N.T. Trial, at 491-92.
¶ 14 The jury instructions as to specific elements of alleged damages also seem to omit any requirement that the jury find a causal link between Appellant’s negligence and the injuries sustained. Typical of these instructions is the one relating to medical expenses and pain and suffering:
Now let’s look as those items in more detail. Eric is entitled to be compensated in the amount of all medical expenses reasonably incurred for the diagnosis, treatment, and cure of his injuries in the past.... Eric is entitled also to be compensated for all medical expenses which you find he will reasonably incur in the future for the treatment and care of his continuing injuries..
Eric is also entitled to be fairly and adequately compensated for such physical pain, mental anguish, discomfort, inconvenience and distress, what we usually call pain and suffering damages, type of noneconomic loss, as you find he has endured from the time of the accident until today.
Id. at 506-08.
¶ 15 Based upon a review of the above jury instructions, it appears that the court misapprehended the law with respect to the situation where both parties’ experts agree that some injury resulted from an accident. As capsulized cogently in Andrews v. Jackson, 800 A.2d 959 (Pa.Super.2002), where a defendant’s expert concedes that the plaintiff suffered some injury as a result of a motor vehicle accident, a jury’s verdict that the defendant’s negligence was not a substantial factor in bringing about at least some injury represents a rejection of uncontested evidence — that of both parties’ experts— and constitutes grounds for the granting of a new trial.

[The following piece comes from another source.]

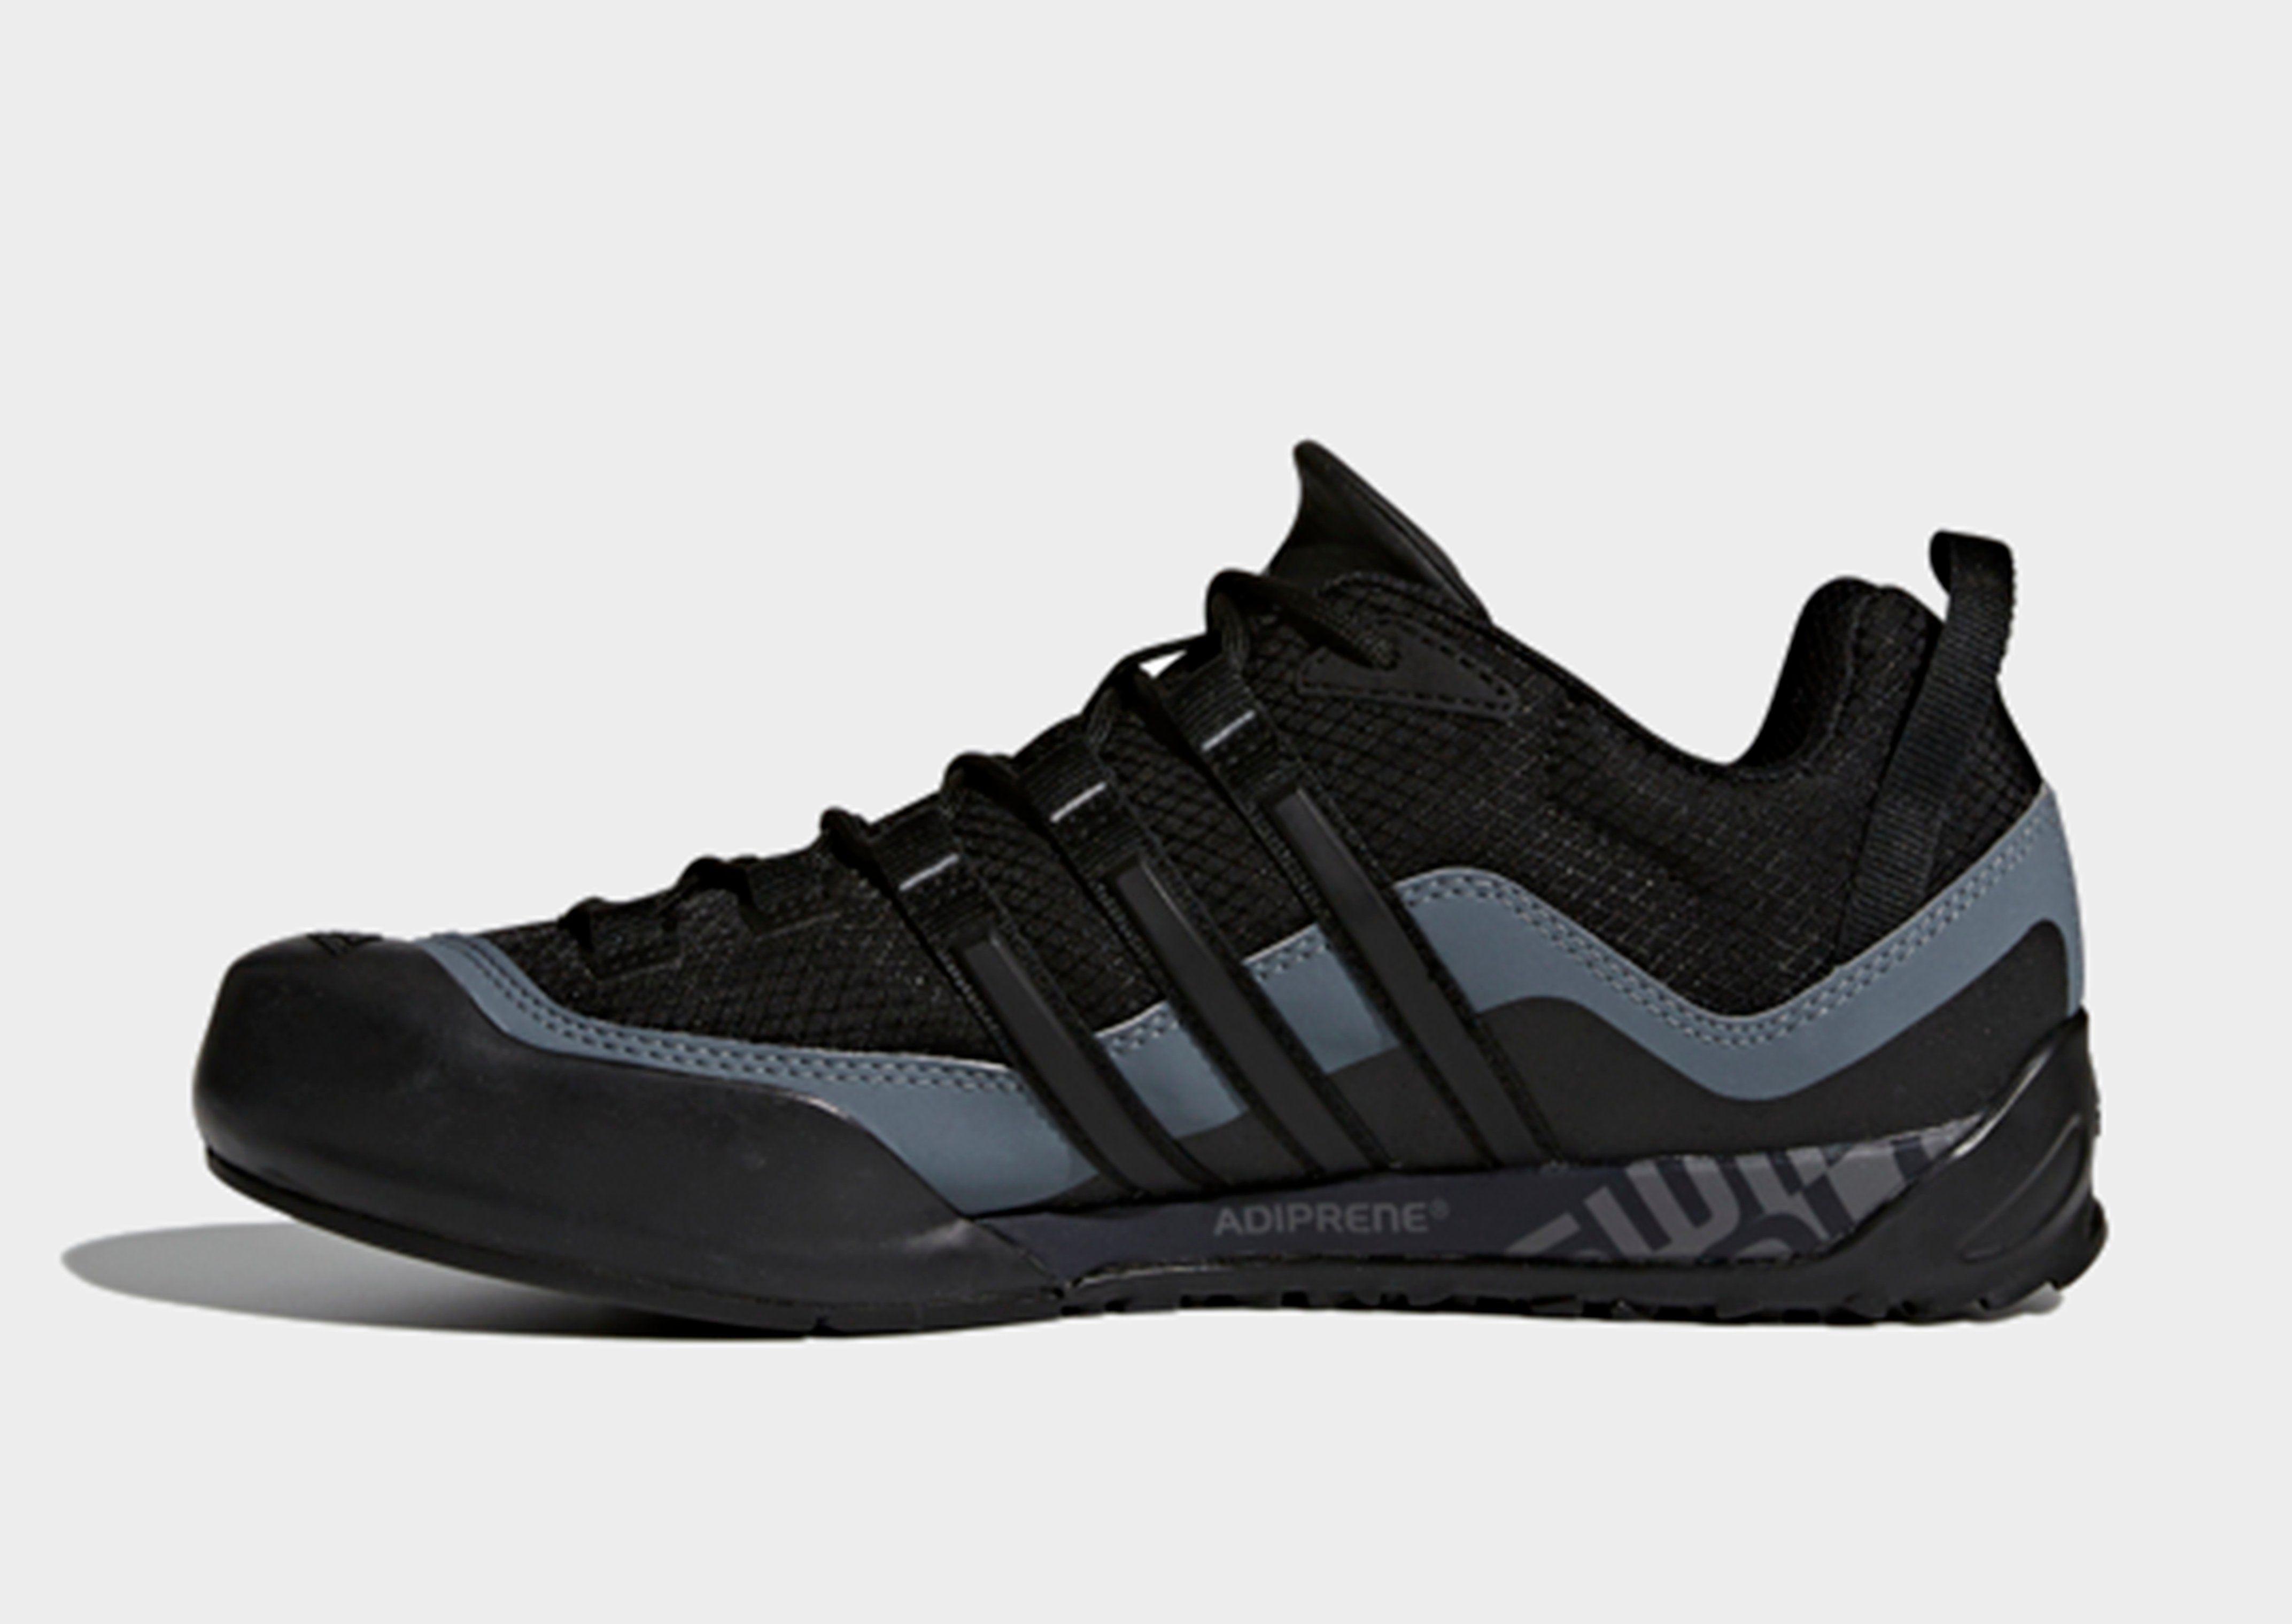 d16ab0c63 ADIDAS TERREX Swift Solo Shoes

¶ 16 However, from this proposition it does not logically follow that where a defendant’s expert concedes some injury resulted from an accident that the defendant’s admission acts to concede that all injuries alleged to have resulted from the accident were in fact caused by the accident. Since causation is an essential element of a negligence action,3 where the degree of harm resulting from the accident is contested by the defendant the case remains essentially in the same posture as a case where causation is fully contested. *584That is, the jury must be instructed that the defendant is liable only for those injuries that the defendant’s negligence was a substantial factor in bringing about.4 In such a case, the jury-is still not empowered to reject the uncontested evidence that some injury has resulted from the accident; however, the plaintiff is not relieved of his/her obligation to prove that the injury he/she is seeking recovery for has resulted from the defendant’s negligence.5
¶ 17 Unfortunately, the instruction provided the jury in the present case, at the very least, was ambiguous as to the need for the jury to conclude that all injury for which the jury was awarding damages was legally caused6 by Appellant’s negligence, and could be read to have removed that causation element from the jury’s consideration altogether. For instance, in the primary instruction the court instructed the jury that “all you need to do is determine the amount of [Eric’s] damages.” The court did not qualify the statement by adding the language “caused by the defendant’s negligence,” or even “caused by the accident.” Thus, the jury may very'well have believed that all they had to do was attach a dollar amount to Appellee’s claimed injuries. While, in fairness to Appellees, some portions of the court’s jury instruction utilize language tending to tie the award of damages to the accident,7 we believe the failure to charge the jury as to the necessity of finding that Appellant’s negligence was a substantial factor in bringing about the injuries for which any damages were awarded rendered the instruction erroneous and may very well have produced an erroneous award of damages. As such, we believe it necessary to vacate the judgment entered and remand for a new trial.8
¶ 18 Judgment vacated, remanded for new trial. Jurisdiction relinquished.